Zawody Pucharu Świata w skokach narciarskich w Zakopanem, jak co roku przyciągnęły rzeszę kibiców. Pod Wielką Krokwią stawiło się ponad 20 tysięcy kibiców, którzy żywiołowym dopingiem wspierali zawodników z całego świata. Po raz kolejny okazało się, że jest to szczęśliwy obiekt dla naszych skoczków. Podopieczni Łukasza Kroczka podczas zakopiańskiego święta wlali nadzieję w serca polskich fanów, że ten sezon nie jest jeszcze stracony.
Jednym z zawodników, który imponował formą był Maciej Kot, który po niedzielnym konkursie znalazł czas, aby porozmawiać przed kamerą "SuperExpress.tv" i opowiedzieć nam o swojej pasji, którą są rajdy samochodowe. Jak podkreśla widać pewne podobieństwa do skoków narciarskich.

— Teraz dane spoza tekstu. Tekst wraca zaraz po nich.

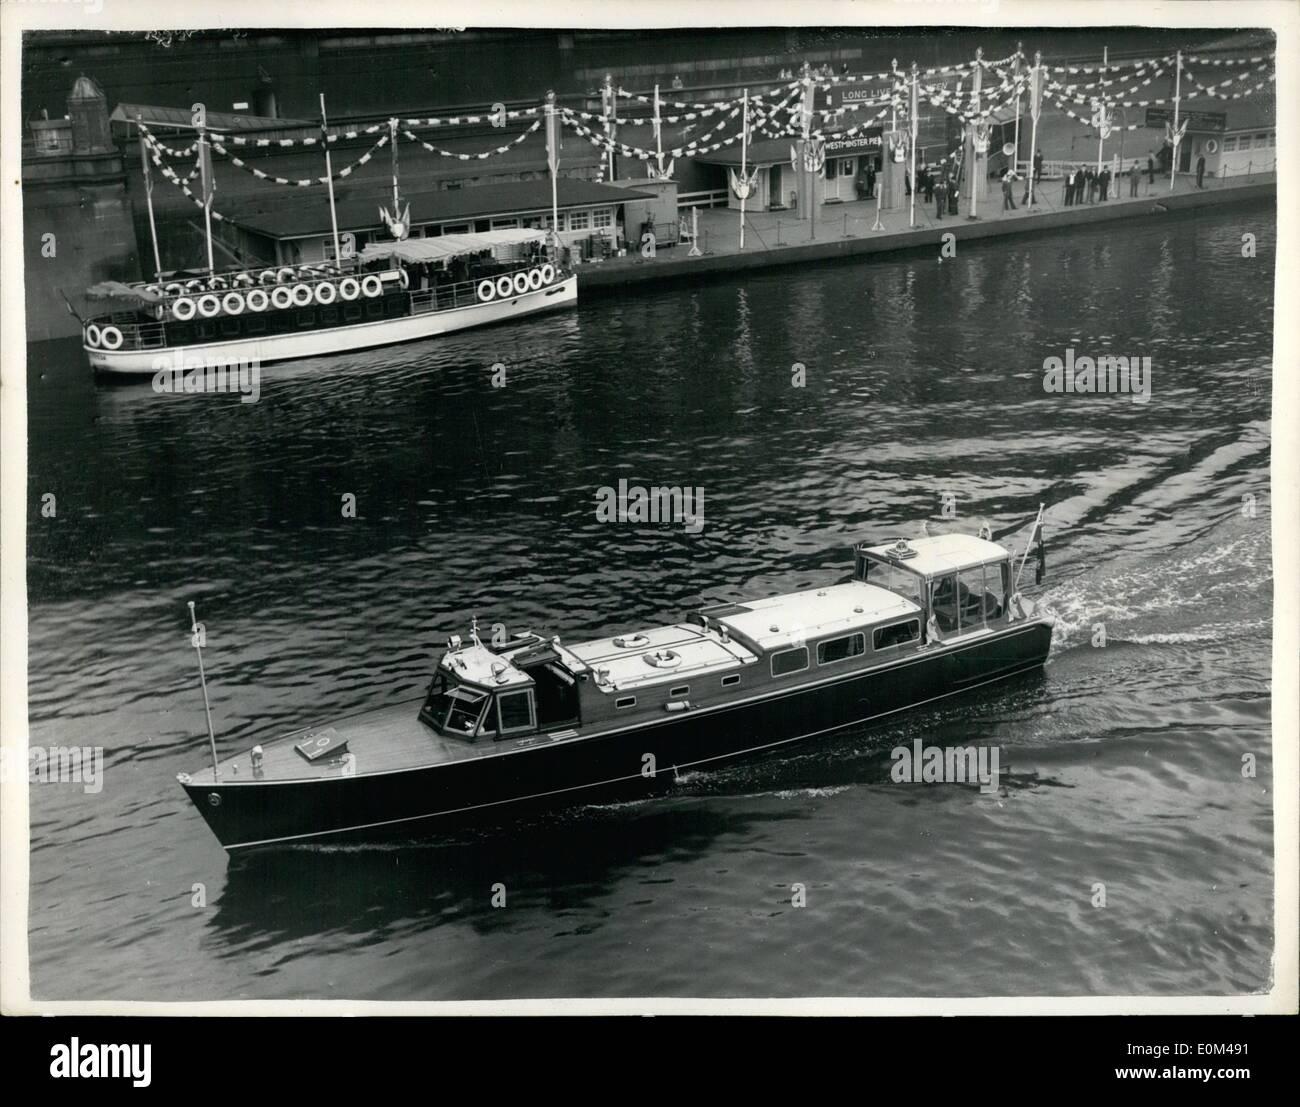 Mai 05, 1953 - P.L.A. Lancer équipée de Royal Barge. Le Port de Londres l'autorité de lancement du moteur ''plus'', a été équipé comme un Barge royale pour l'utilisation de Sa Majesté la Reine pour le transport sur le fleuve. Le lancement, montrant l'adaptation, a tenu à Westminster Pier. La première fois que le lancement sera utilisée par Sa Majesté est le 12e. Juin sur le retour de Tower Pier jusqu'à Westminster Pier après sa visite dans la ville. Photo: Keystone montre- Vue de la ''Nore'' à Westminster Pier. Le nouveau verre entouré de montagne a une couronne sur le dessus. Photo Stock

Zobacz: PŚ w Zakopanem. Maciej Kot: Pozostał niedosyt, bo pierwsza 10-tka była blisko
- To jest coś, co zdecydowanie się ze sobą wiążę, tu i tu bardzo duża prędkość, duże emocje, adrenalina i rzeczywiście tak jest, że kiedy np. kończy się sezon i mamy wolne od skoków, to szukamy takiej odskoczni. Myślę, że to jest bardzo ważne dla każdego zawodnika, żeby tą odskocznię mieć i w jakiś sposób się zrelaksować, odpocząc, nie myśleć tylko cały czas o skokach. Rajdy to oczywiście moja pasja i w jakiś sposób wiąże się ze skokami - powiedział 24-latek.